According to every safety analysis I've seen hydrogen, in an accidental release, is no more dangerous than gasoline. The worst cases are systems that use high pressure vessels to store the hydrogen in gaseous or liquid form. But even these systems use simple and effective methods to protect the storage containers.

Note, while hydrogen was the *fuel* involved in the Hidenburg and Challenger tragedies, it presence was not the root cause of the explosions. External events unrelated to the hydrogen were the true causes. This is the most common misunderstanding that causes folks to shy away from it's use as an alternative fuel.

As for it costing a fortune, that's not quite true. The real expense will be public distribution since nothing that exists now will work. A new infrastructure will have to be created and that's the biggest cost and that can easily be amortized over a long period of time. Further, especially with the hydride-based systems, it's possible for folks to buy and even create their own inexpensive H generators and replenish their systems using their own water supply. Several prototypes exist that do this, including the systems that United Nuclear uses to refill their H-converted 1994 C4 Corvette (which is actually a gas-H2 hybrid, not a true conversion ;) ).
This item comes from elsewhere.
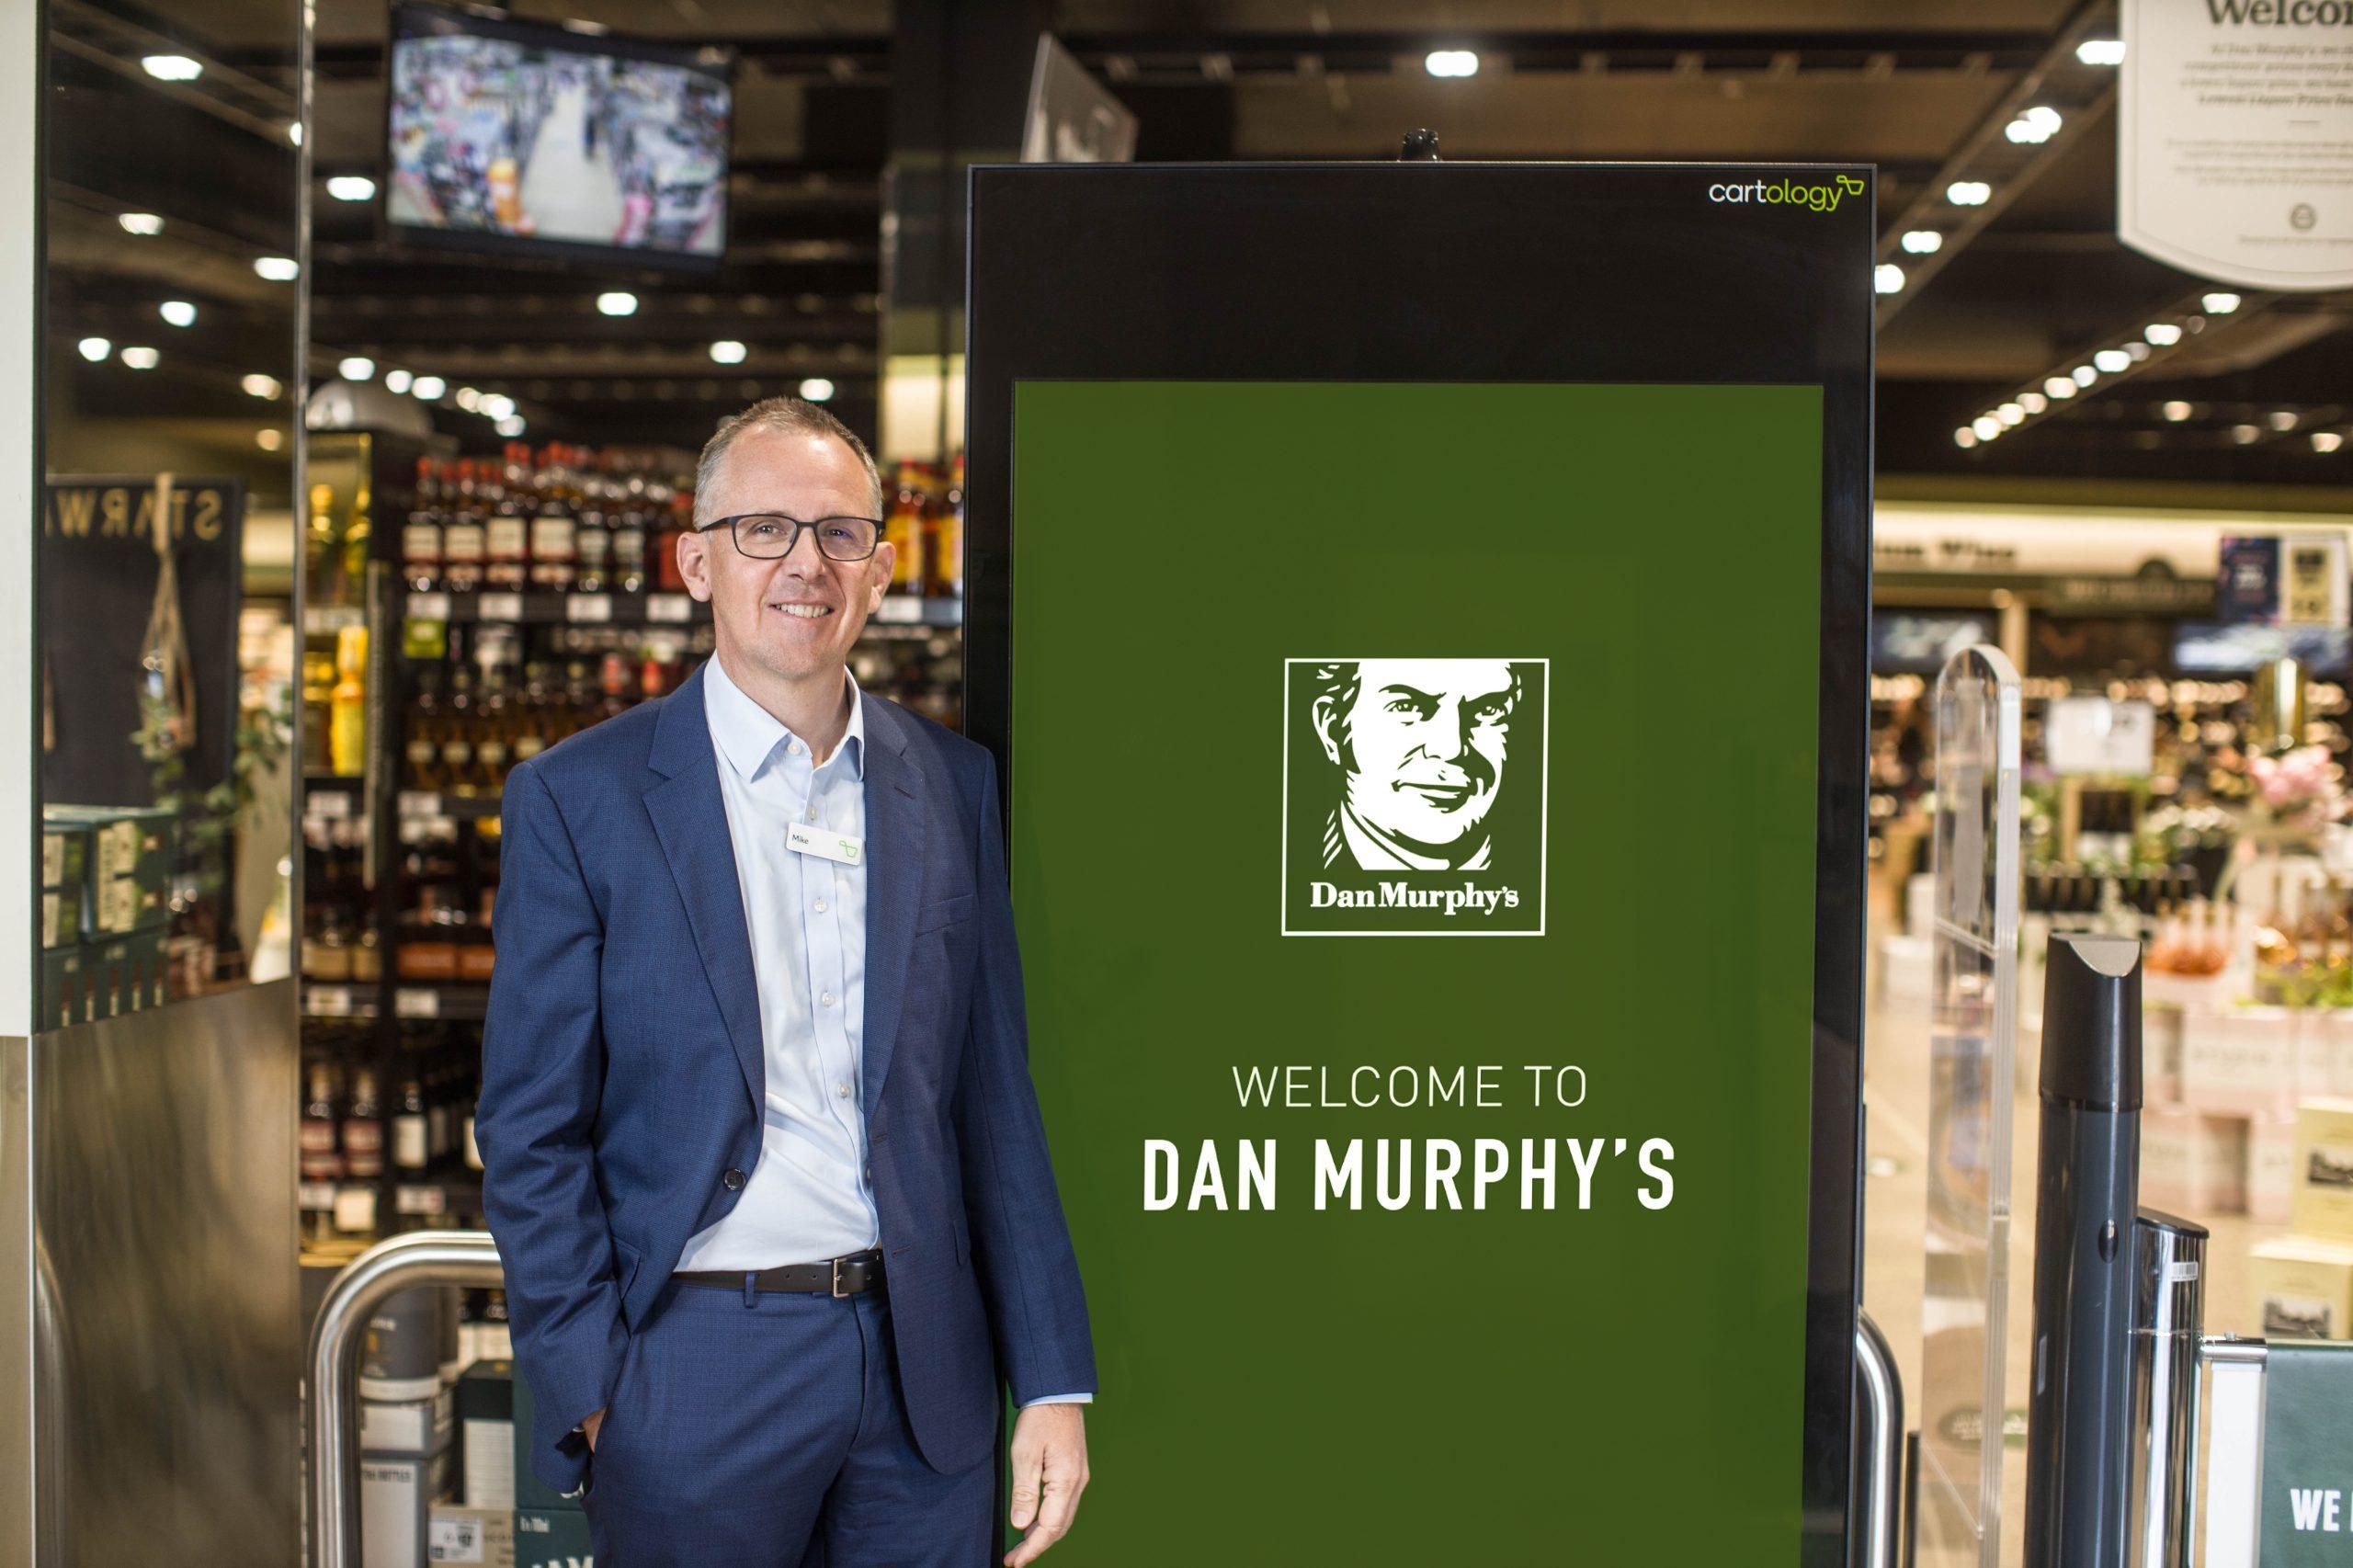 Woolworths' Cartology Brings New Digital Screens To Dan Murphy's Stores
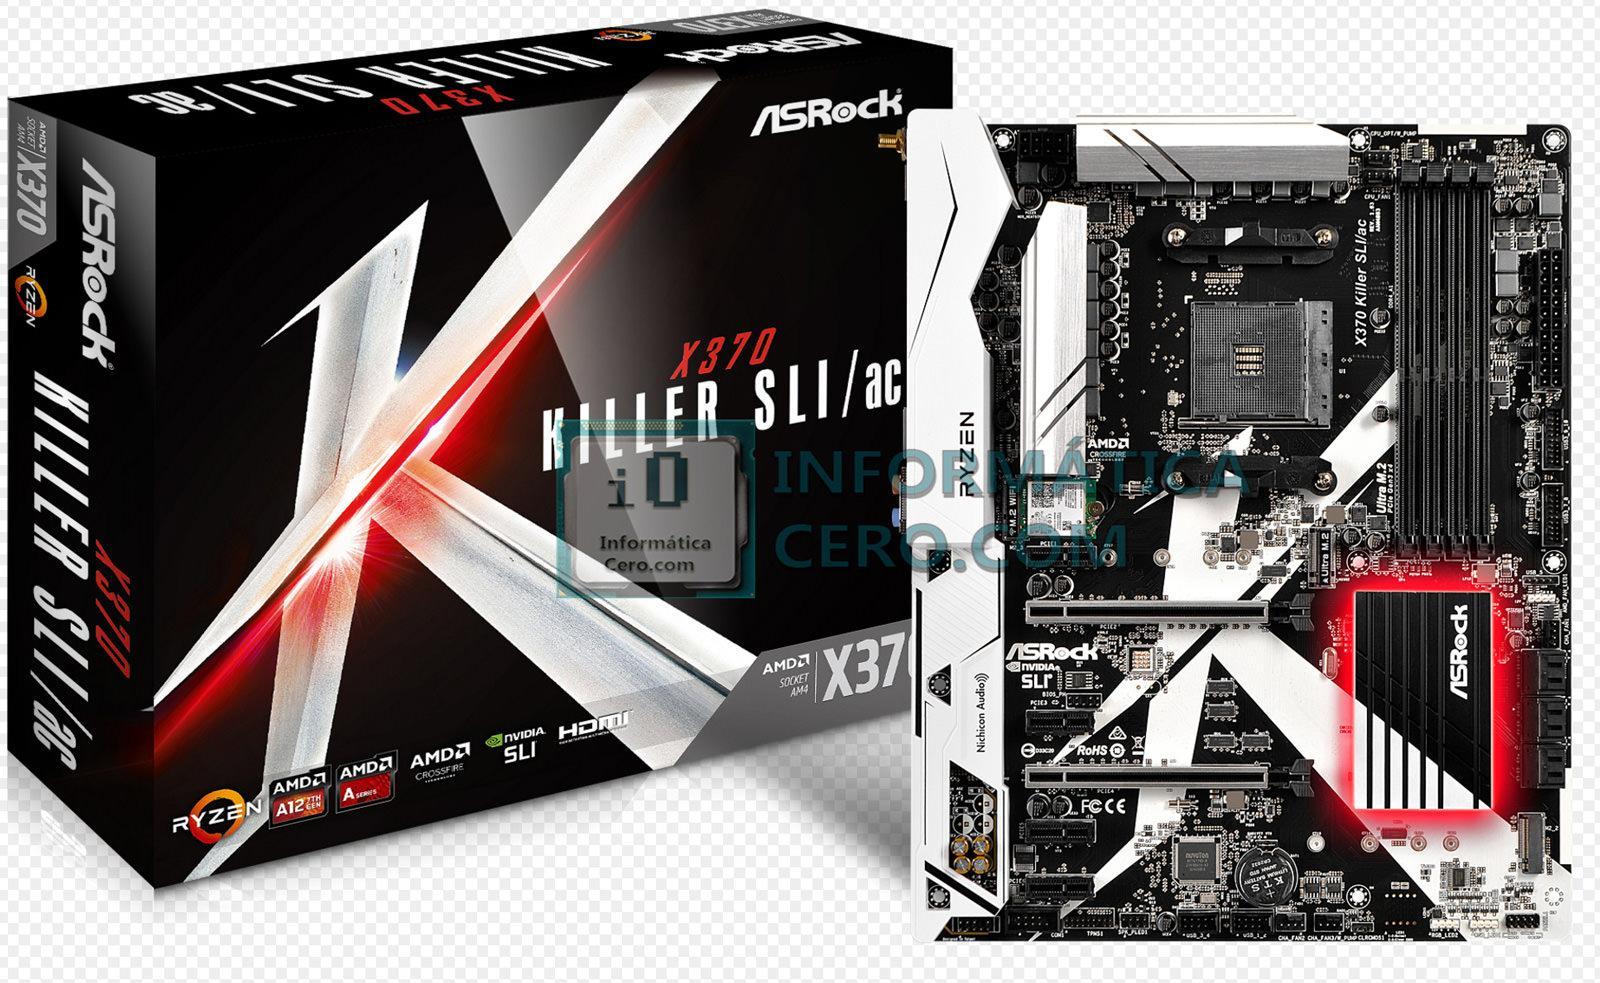 ASRock X370 Killer SLIac

The *real* issues involved with hydrogen use is where we will get it in massive quantities. Everyone talks about cracking it from water with electricity but you can also get it from petroleum processes and natural gas. The last two pretty much defeat the purpose but they are actually largest source of the hyrdogen produced today. Electricity in this country is still mostly produced by fossil fuel plants.

So, converting cars is just a baby step to fossil fuel independence. It's a baby step towards better air quality. But it's a pretty good step in both directions and would at least allow the Feds to focus emissions and fuel regulation on the big energy companies and reduce the pressure on the automotive manufacturers.

Dan

2003 Cobra convertible With some stuff and things
Reply to
Dan

City block hahaha, that is so wrong, hydrogen will explode the same as a Gasoline car would. The Hydrogen is in a small special tank that fits in a car.